* **Task goal**: Restate all of the following data exactly, keeping any images out of the copy.

* **Data excerpt**:
---------------

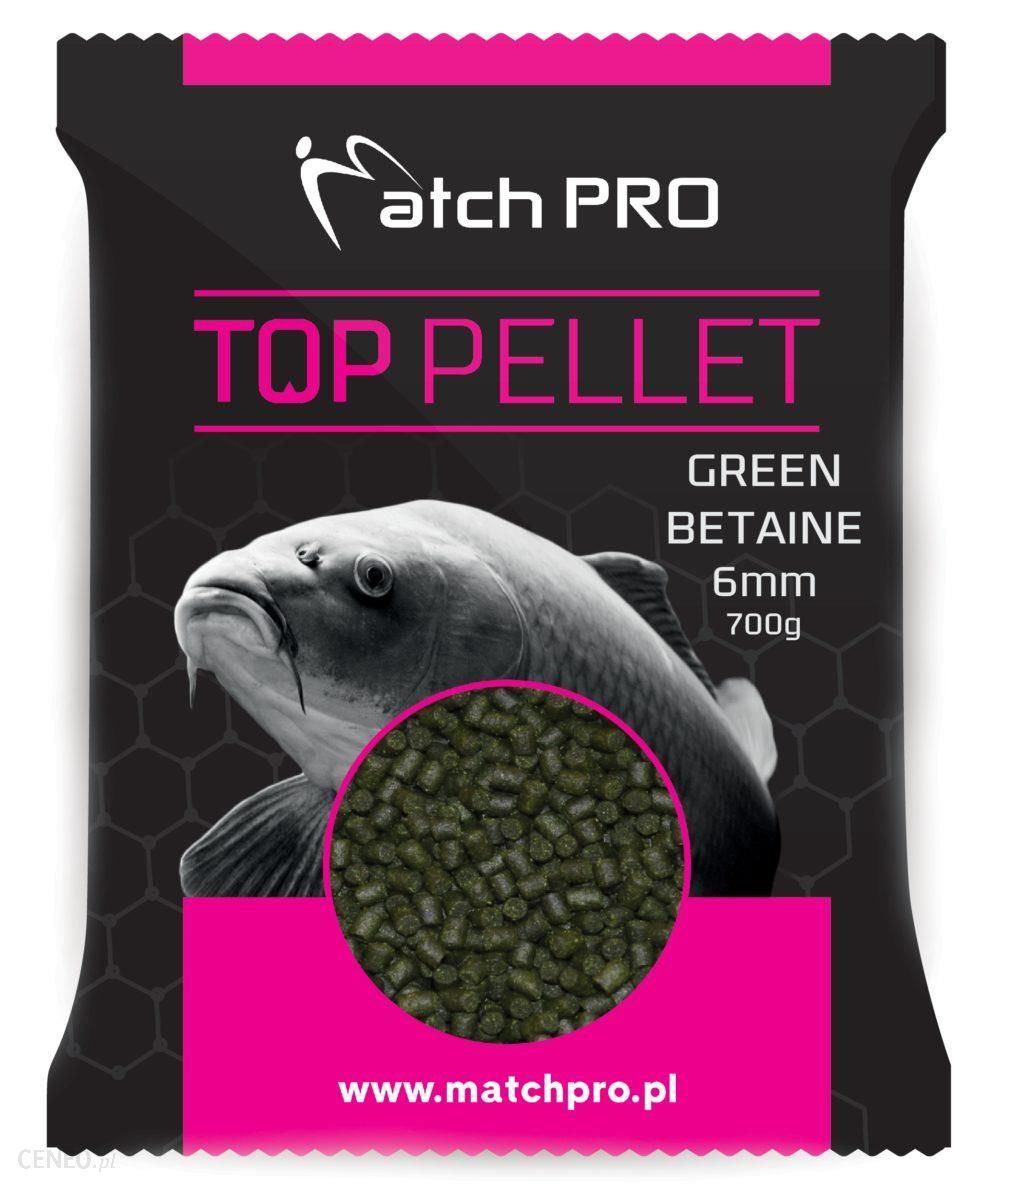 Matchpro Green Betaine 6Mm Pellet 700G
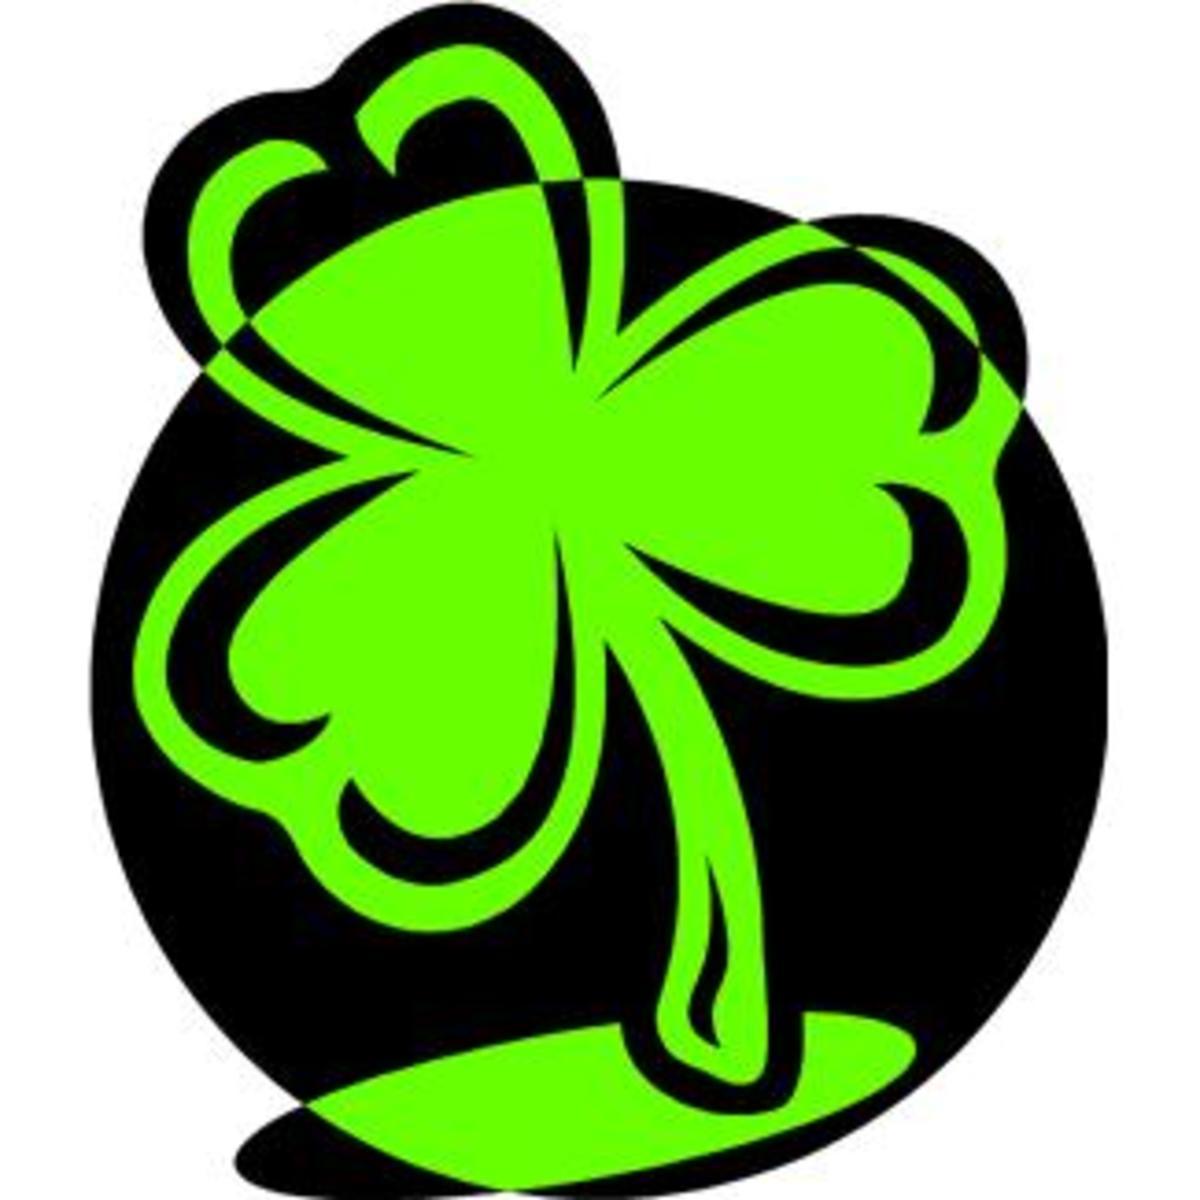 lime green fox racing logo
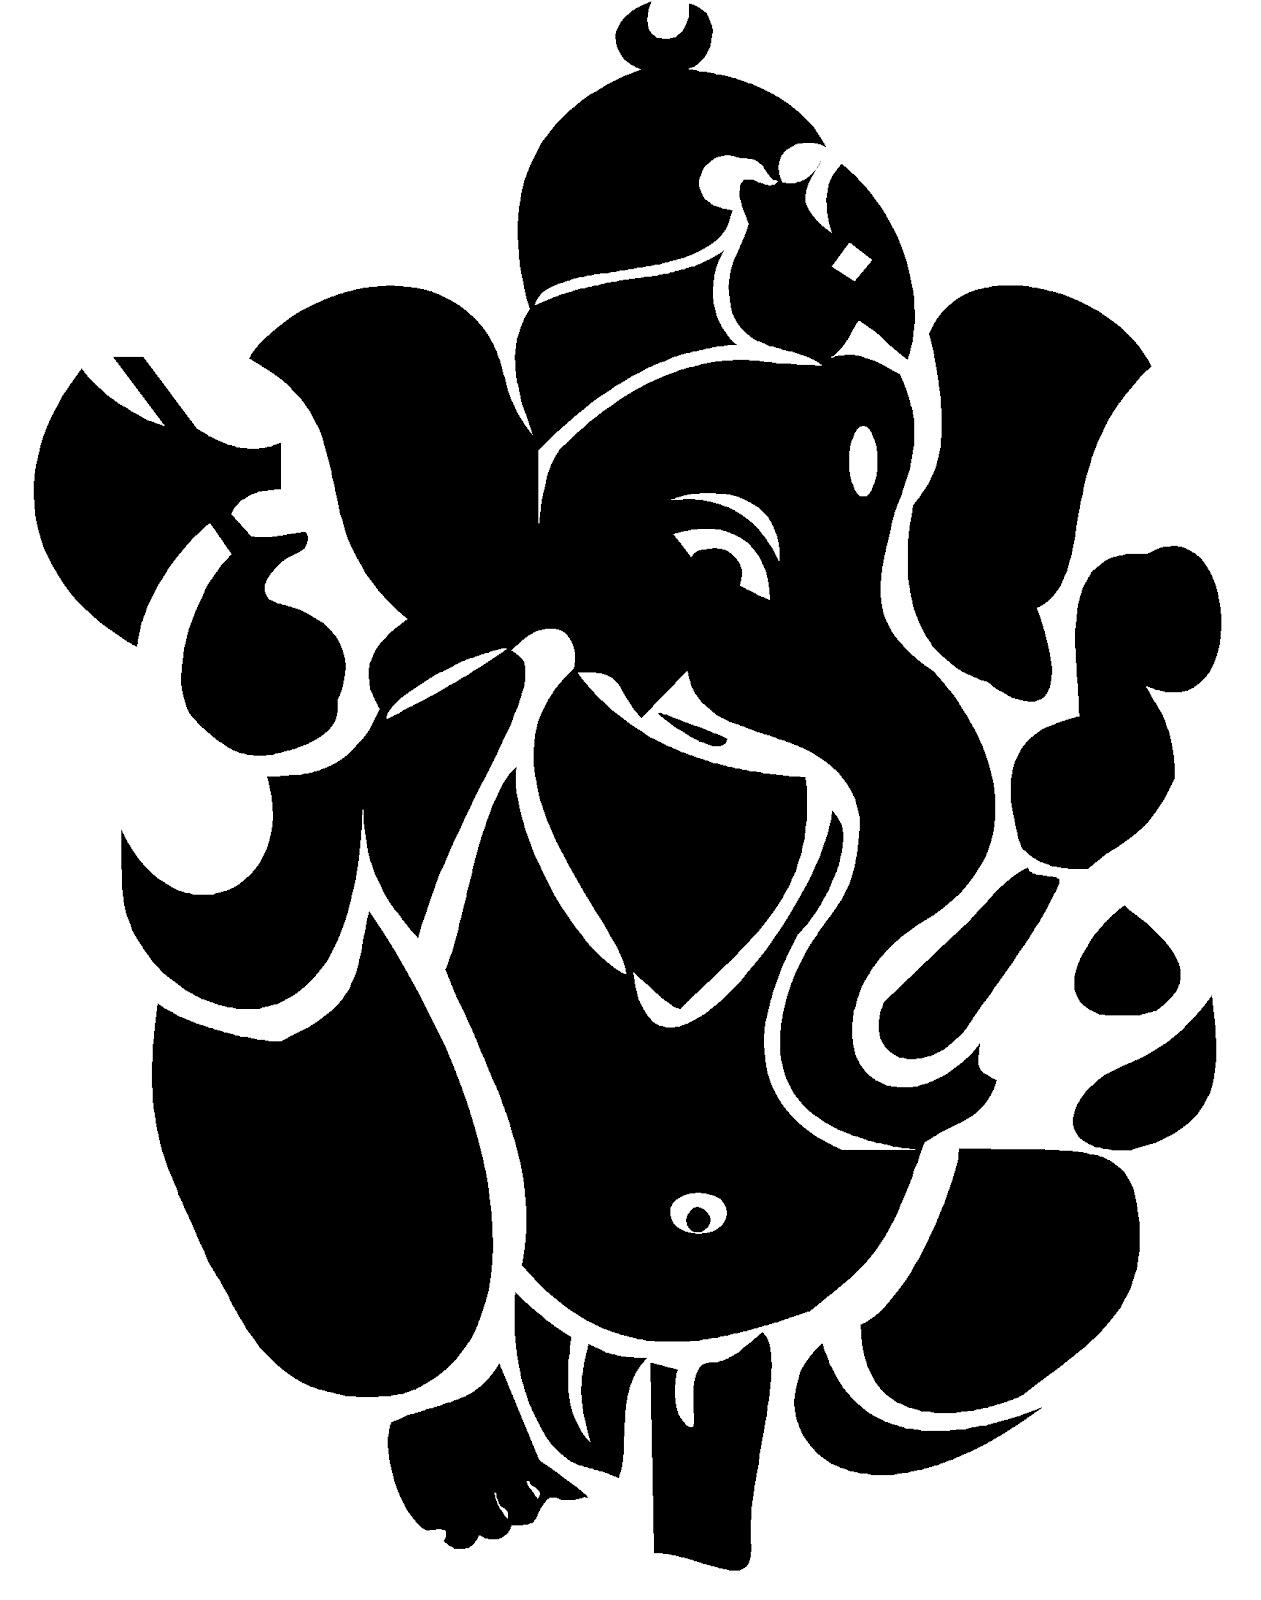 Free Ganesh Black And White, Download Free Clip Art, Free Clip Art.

---------------

* **Answer space**:
 Matchpro Green Betaine 6Mm Pellet 700G
 lime green fox racing logo
 Free Ganesh Black And White, Download Free Clip Art, Free Clip Art.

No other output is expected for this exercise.